A second important ethnic minority population in Germany has its roots in Eastern Europe, with the former Soviet Union and Poland representing the main countries of origin. This group partially consists of ethnic Germans who migrated to Germany mainly from today’s Russia, Kazakhstan, Ukraine, Poland, Rumania and the Czech Republic after the collapse of the former Soviet Union in the 1990s. Since the early 2000s, in the context of free movement within the European Union, immigration from Eastern Europe (mainly from Poland, Rumania, Bulgaria, and Hungary) has become increasingly relevant. Students whose parents migrated from Eastern Europe perform worse in primary (e.g., Stanat et al. 2017) and secondary school (e.g., Stanat et al. 2016) than majority students; however, the achievement gap relative to the majority population is smaller than that of Turkish minority students.

Stereotypes among Germans regarding ethnic minorities are mostly negative (Glock and Karbach 2015), particularly those regarding the Turkish minority (Asbrock 2010; Mummendey et al. 1982). One of the few studies that examined the content of such stereotypes found that the respondents attributed characteristics, such as “primitive”, “traditional”, “community”, or “male-dominated” to people of Turkish origin. In contrast, the respondents associated the category “native” with more positive attributes, such as “neat”, “achievement-oriented”, “rational”, or “wealthy” (Kahraman and Knoblich 2000). Experimental research confirms that the negative stereotypes regarding Turkish minority members are also prevalent among German teachers (Glock and Krolak-Schwerdt 2013).

In this context, I rely on the social-psychological assumption of impression formation to explain a possible emergence of teacher expectation bias and associations between such bias and ethnic achievement gaps during first grade. Due to the nature of the analysed data, which include students from Turkish and Eastern European immigrant families, I focus on students’ ethnic rather than their racial backgrounds. I expect that stereotypes regarding the achievement of different ethnic groups of students are associated with teacher expectations for individual students from these groups at the beginning of first grade (Hypothesis 1). I further assume that more general stereotypes that refer to achievement-related attributes, such as the general knowledge, attentiveness, and motivation of ethnic minority students, also trigger ethnic bias in teachers’ expectations (Hypothesis 2). Moreover, by triggering teacher expectation bias, both types of stereotypes may lead to self-fulfilling prophecies and, thus, contribute to ethnic differences in the scholastic performance during first grade. Accordingly, ethnic minority students taught by teachers with more positive ethnic achievement stereotypes or teachers with more positive achievement-related stereotypes should achieve higher academic performance (Hypothesis 3). This assumption implies that inaccurate teacher stereotypes induce group-specific teacher expectation inaccuracy that results in teacher expectation effects on student achievements. Hence, teacher expectation inaccuracy should mediate the statistical effects of teacher stereotypes on student achievements (Hypothesis 4).

4 Data and methods

4.1 Sample

This study draws on data from the research project Kompetenzerwerb und Lernvoraussetzungen (KuL; English translation: Competence Acquisition and Learning Precondition; Kristen et al. 2018).Footnote 1 The total sample included N = 1065 first graders from N = 67 classrooms in N = 39 primary schools in Germany. The schools sampled were located in the Ruhr, which is a large polycentric urban area located in the federal state of North-Rhine Westphalia. The population living in this area is characterized by high ethnic diversity and was chosen with the aim of mapping everyday school life in diverse contexts. The data were collected at the beginning (t1) and end (t2) of the 2013/2014 school year.
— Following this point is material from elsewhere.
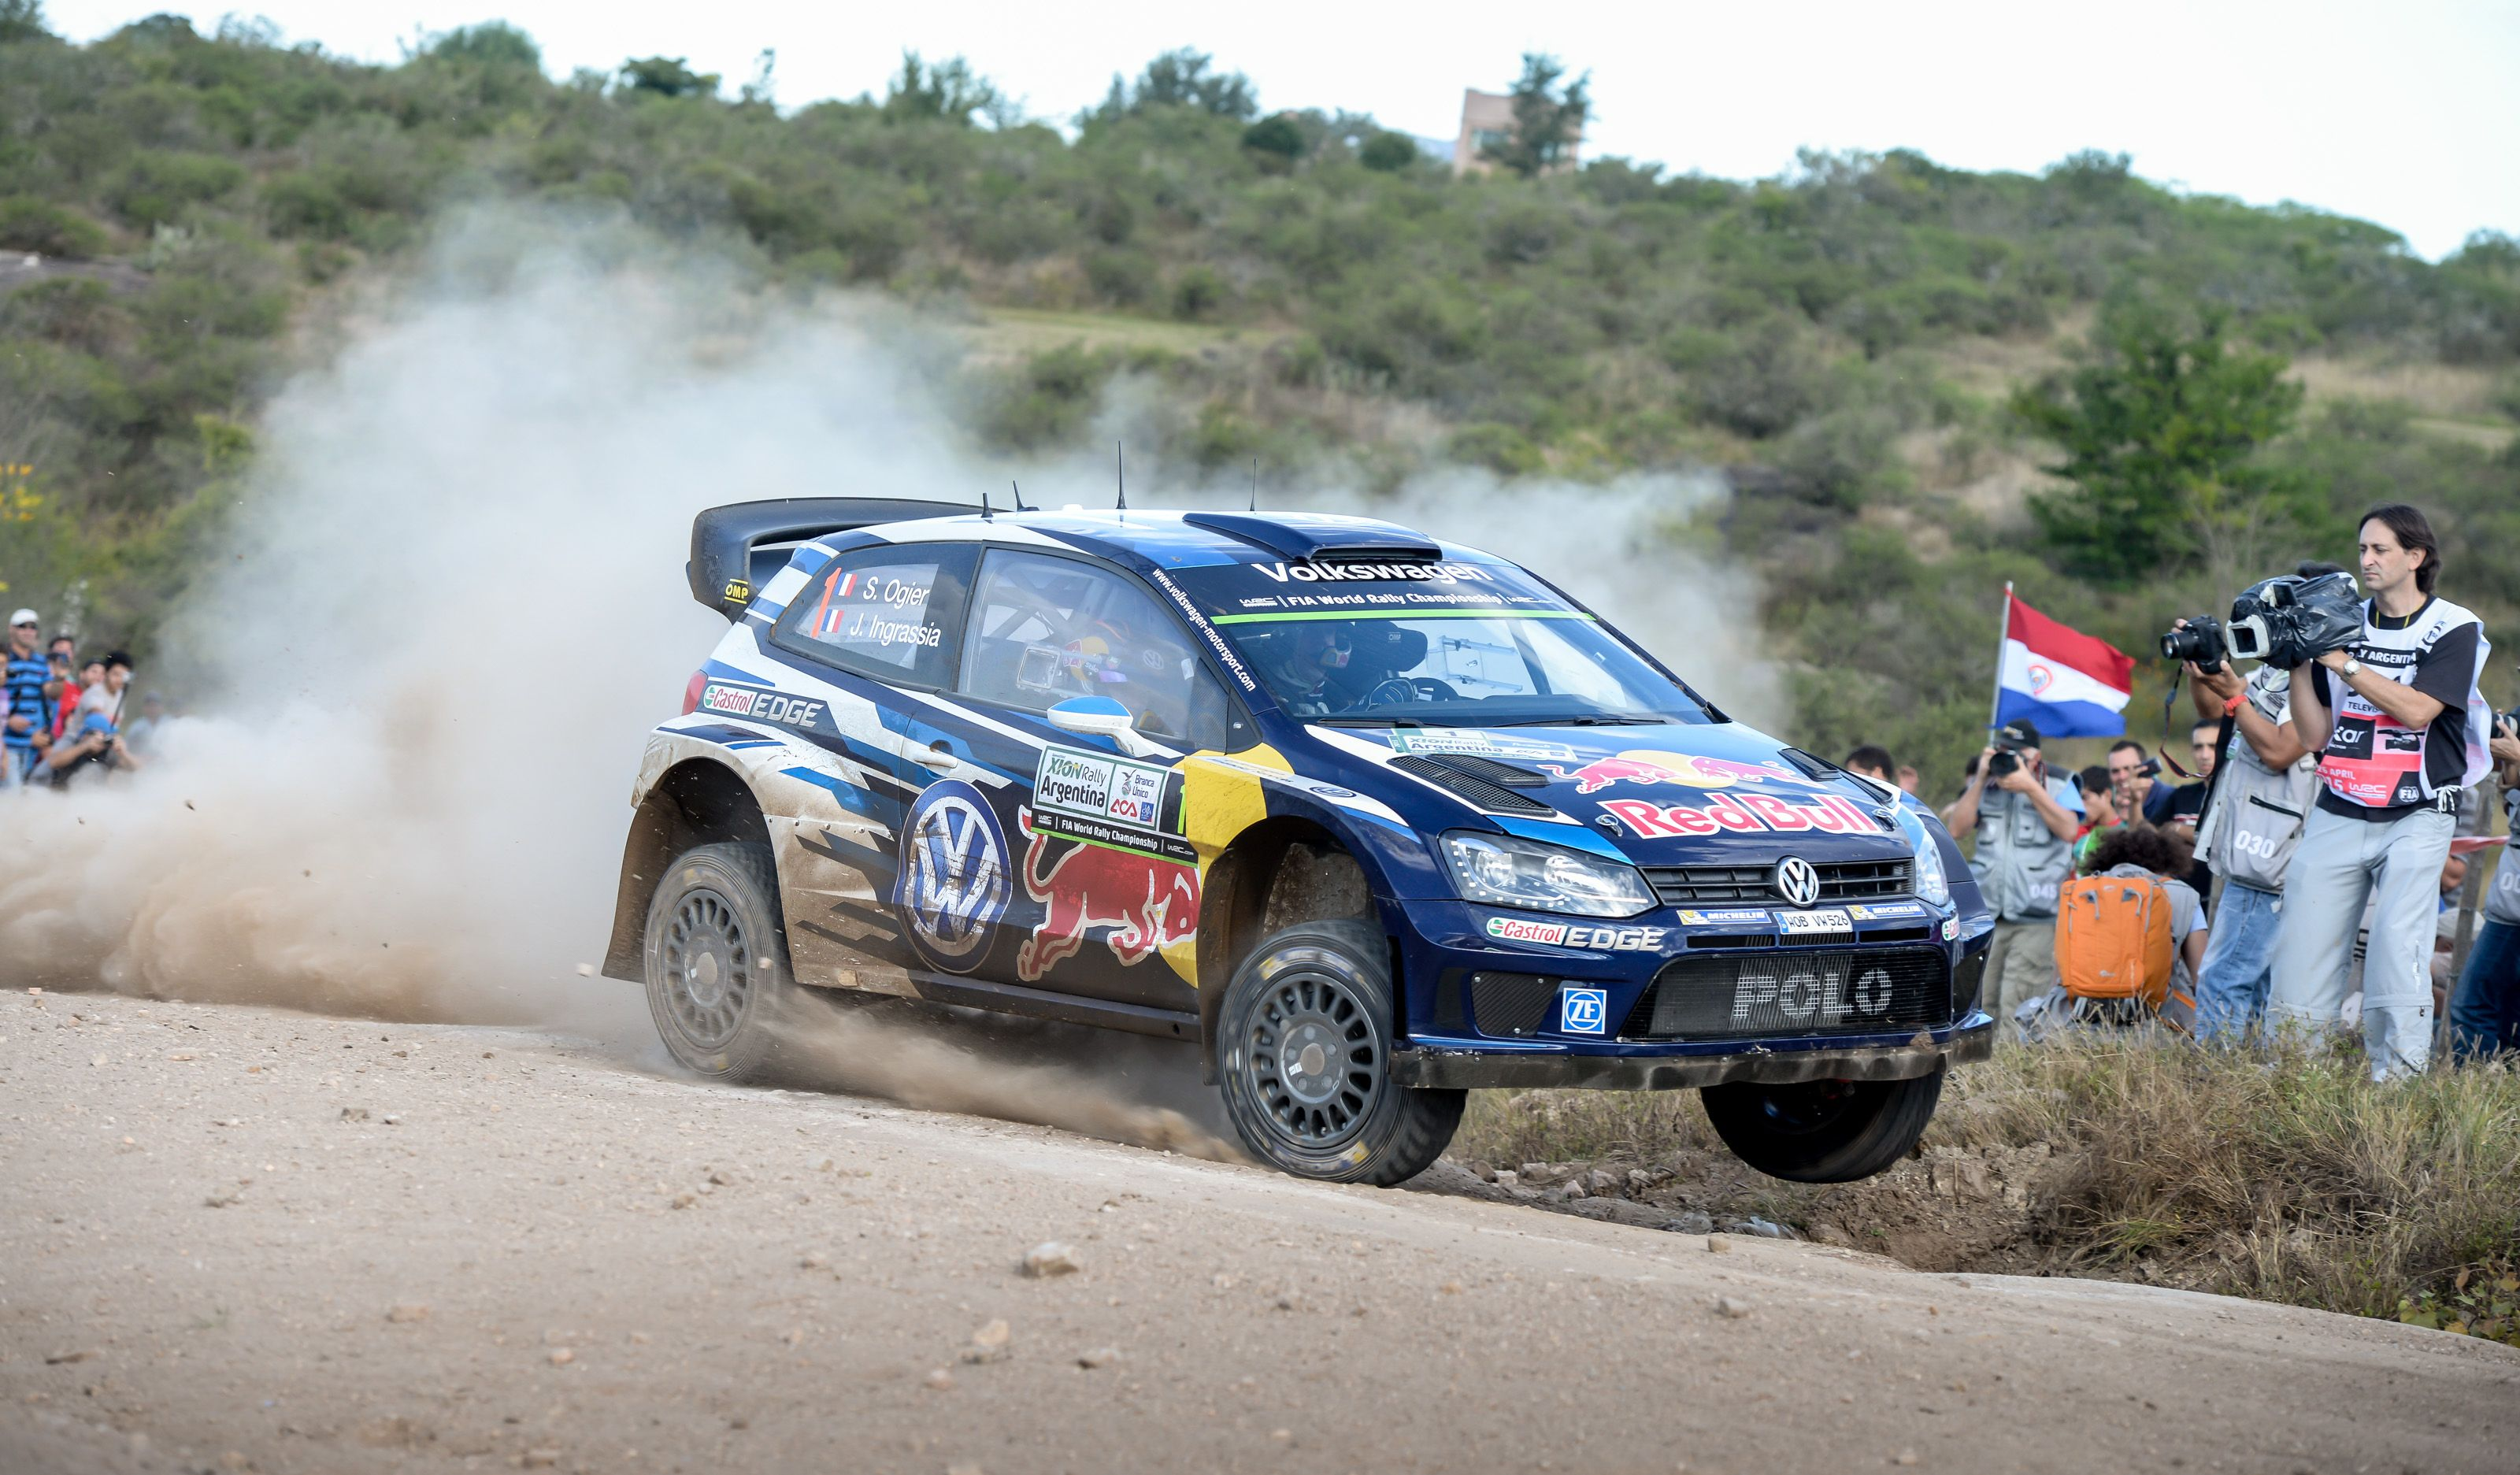 Rally Argentino 2015: Mikkelsen gana el tramo y Ostberg se acerca a Meeke

Data collection started shortly after the beginning of the first school year, i.e., when the preceding teacher-student interaction was minimal. Thus, the survey was designed to ensure that student attributes were not affected by teacher expectation effects. Additionally, due to the minimal teacher-student contact prior to the survey, the problem of unobserved heterogeneity should be less severe than in instances of longer periods of prior interaction.

The current study relies on information obtained from standardized achievement tests, interviews with students, and questionnaires completed by teachers at t1 and t2. Additionally, telephone interviews with parents were conducted at t1. The whole survey and all instruments were validated at two separate schools in the year preceding the main study.

In the analyses, 39 students were excluded from the sample since either information regarding teacher expectations was missing or the teachers left their class between t1 and t2. In total, 19 students were born abroad (first generation). These students were excluded from the sample. Thus, the analysed sample comprises N = 1007 students and N = 64 teachers. In the analyses of the mathematical domain, another 87 students were removed from the sample because five teachers did not teach mathematics (N = 920 students and N = 59 teachers remained).

The teachers in the analysed sample were, on average, 42 years old (SD = 8.93) and had an average working experience of twelve years (SD = 8.89). The teachers were predominantly female (91%) and belonged to the German majority population (92%). Two teachers had a Polish background.

4.2 Instruments

Two measures were used to examine teacher stereotypes. First, the teachers were asked to report their beliefs regarding the average reading and math achievements of majority, ethnic minority, and Turkish minority students on an 11-point scale (for the precise wording, see Fig. 4 in Appendix 1). Each of the six evaluations was performed in comparison with the average achievement of all German first graders. These measures were used to capture the teachers’ achievement stereotypes. Second, five items recorded the teachers’ agreement with negative statements regarding the school-related attributes of ethnic minority students on a five-point scale. The items referred to the interest, attentiveness, motivation, effort, and pre-knowledge of students from ethnic minority families (for the precise wording, see Fig. 5 in Appendix 1). Each teacher’s answers were summed to build a scale of negative achievement-related stereotypes (α = 0.88). The stereotypes were measured at t2 to prevent the activation of stereotypes at t1 and subsequent bias in their expectations and teaching during the first school year. This procedure was also chosen because the extant research corroborates that stereotypes are stable over time and, thus, should not change during one school year (e.g., Madon et al. 2011).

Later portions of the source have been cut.